K- Nearest Neighbor and Foreign Exchange Rate Forecasting (304959)

*Vindya Kumari Pathirana, University of Connecticut 

Keywords: Foreign Exchange Trading, k-Nearest Neighbor Algorithm, Mahalanobis Distance, ARIMA, Multi-step Ahead Time Series Forecasting

K- Nearest Neighbor Algorithms are among the most popular non-linear pattern recognition methods outperform that outperform the available linear forecasting methods for the high frequency foreign exchange data. In this work, we used five different foreign currencies, which are among the most traded currencies, to compare the performances of the k-NN algorithm with traditional Euclidean and Absolute distances to performances with the proposed Mahalanobis distance. The performances were compared in two ways: (i) forecast accuracy and (ii) transforming their forecasts in to a more effective technical trading rule.

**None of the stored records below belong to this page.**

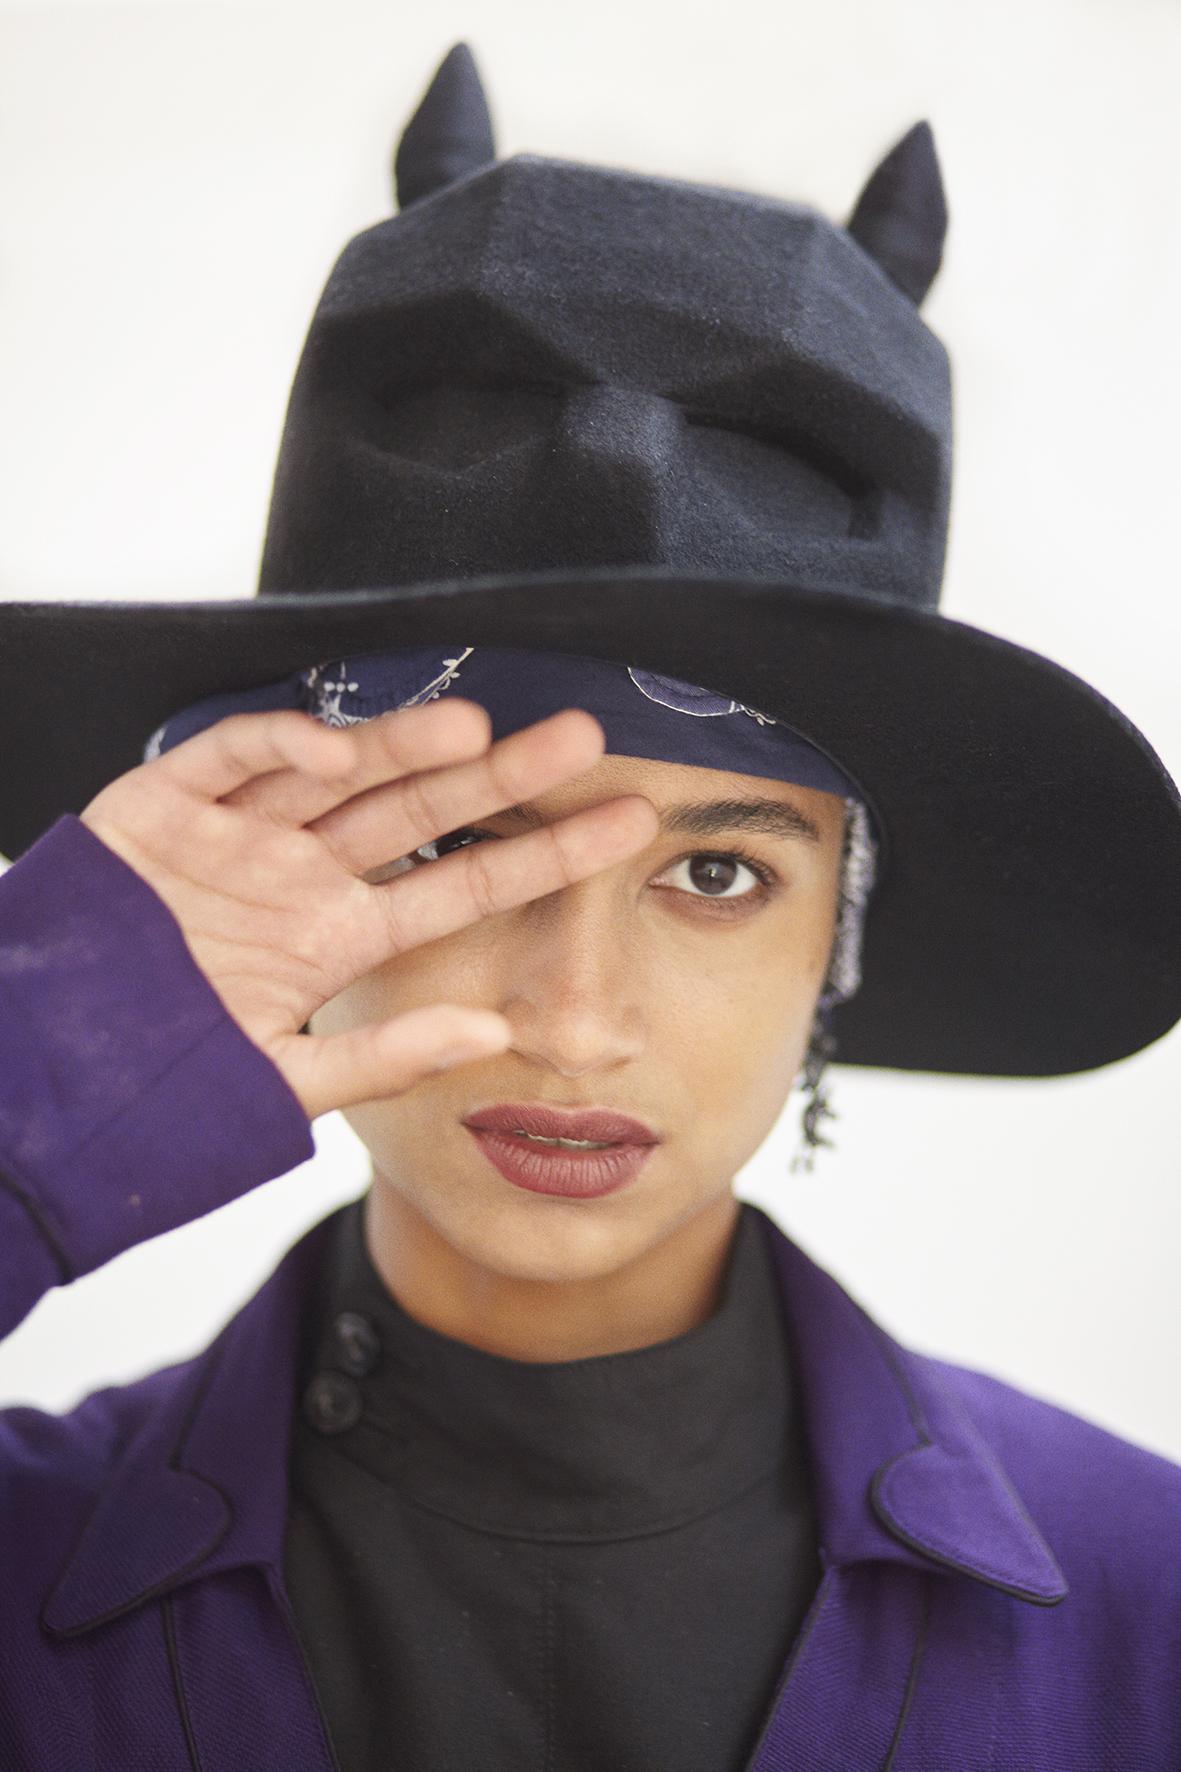 Felt wool skull hat, mask bandana, cotton jacket, croise fencing jacket in black. Long drop earrings EDDIE BORGO
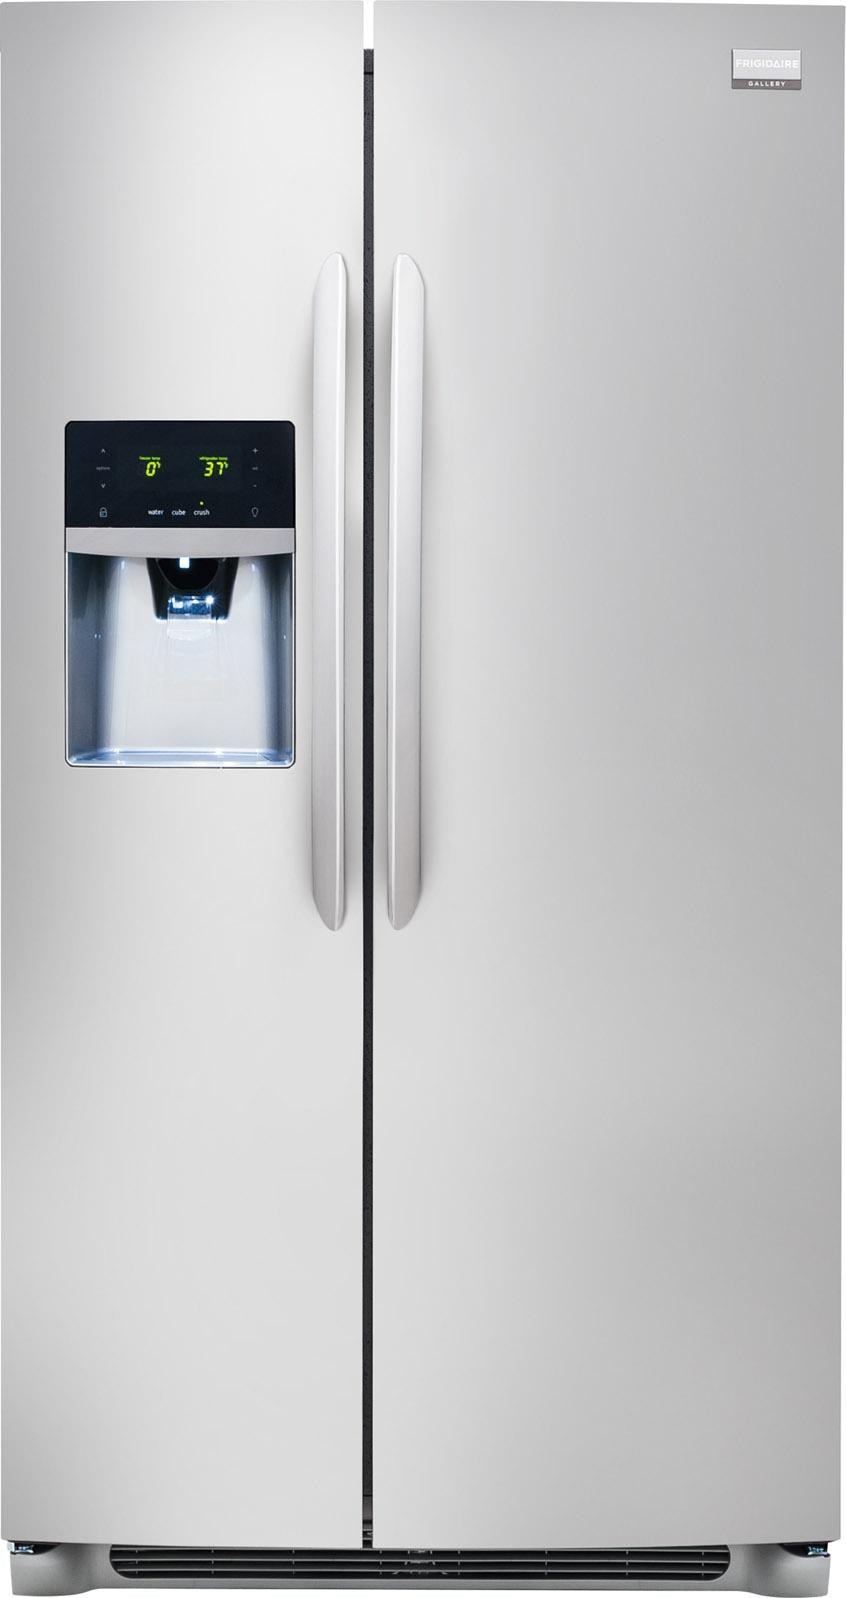 Frigidaire Frigidaire Gallery Refrigerators26 Cu. Ft. Side By Side  Refrigerator ...
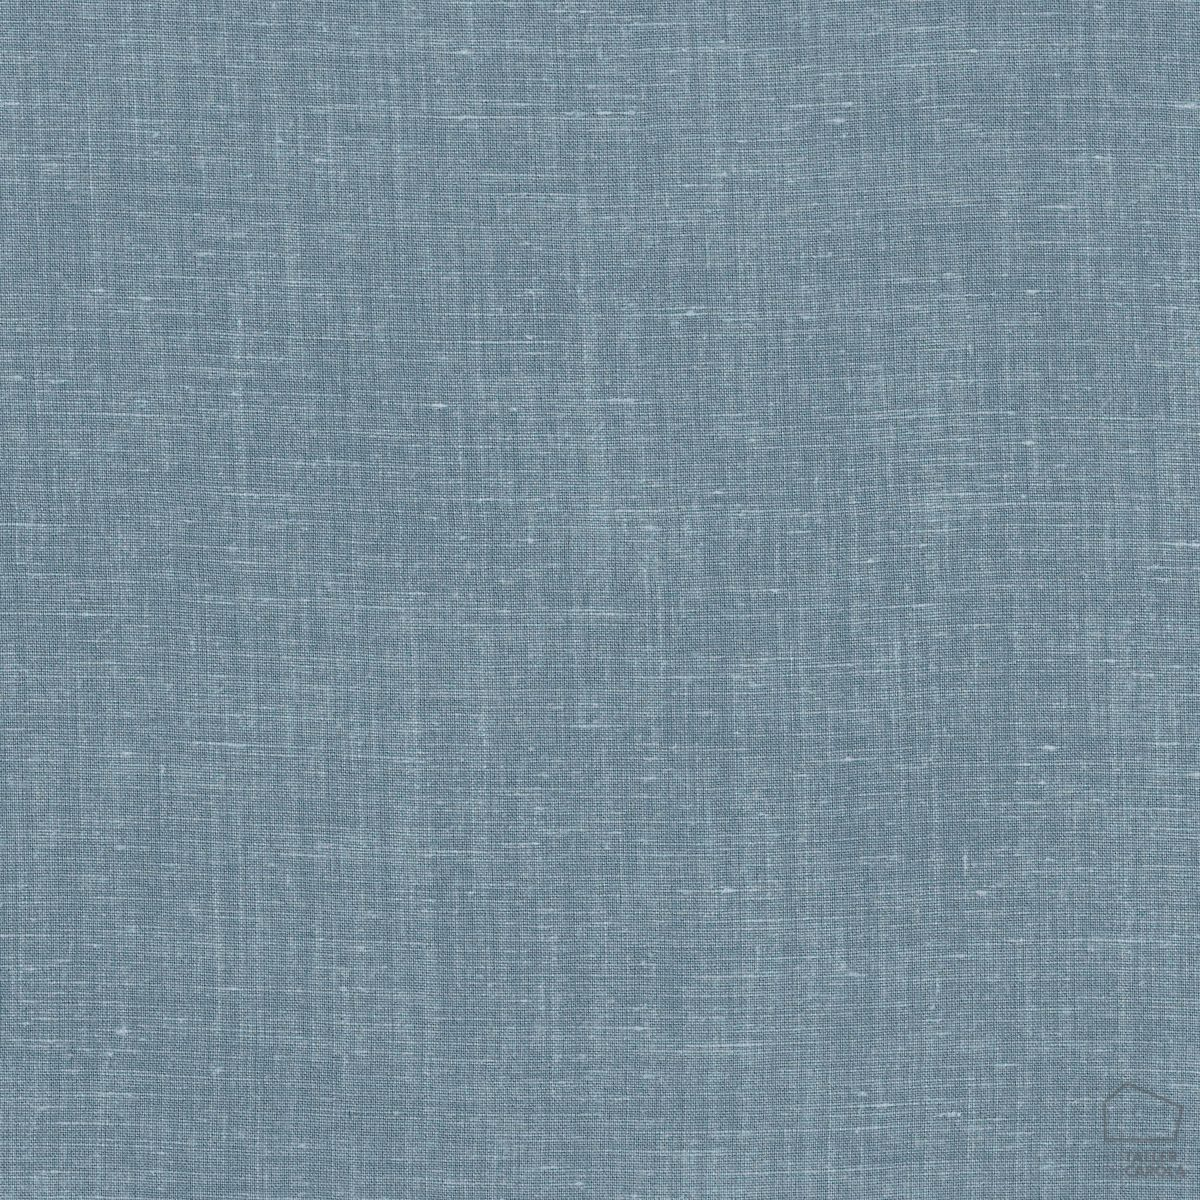 057sul38592700 Tela Lino Liso Empolvado Azul
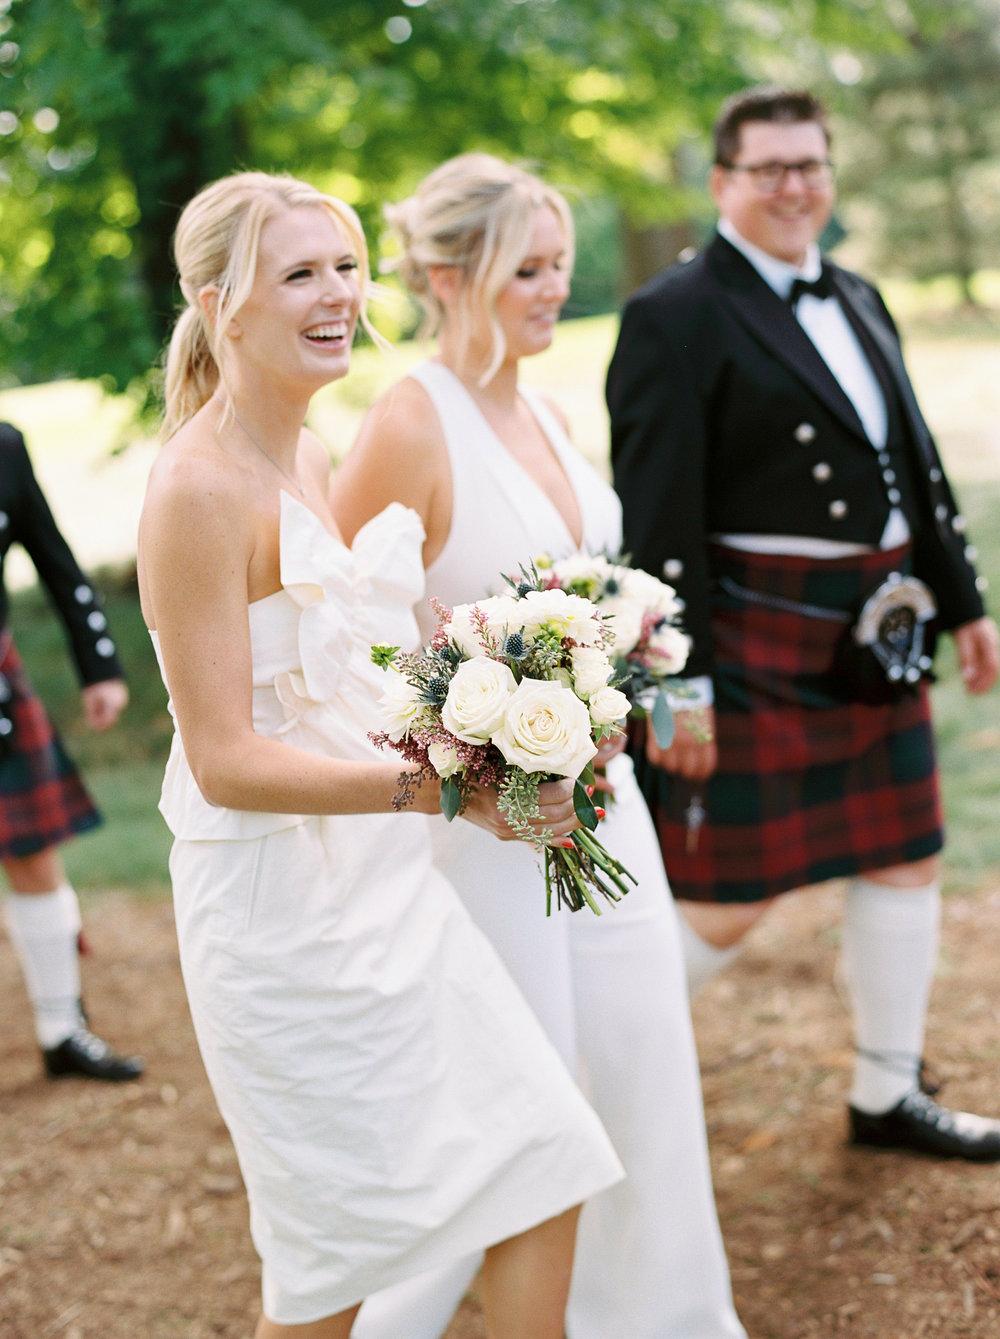 0199-Geneva-Ian-Wedding-Toronto Golf Club-When He Found Her-TorontoPhotographer.jpg

The results were obtained with real FX trading data, and the results showed that the method introduced in this work outperforms the other popular methods. Apart from the distance choice, we conducted a thorough investigation of optimal parameter choice with different distance measures. We also adopted the concept of distance based weighting to the NN and compared the performances with traditional unweighted NN algorithm based forecasting. The concept of dynamically adopted number of neighbors was also investigated.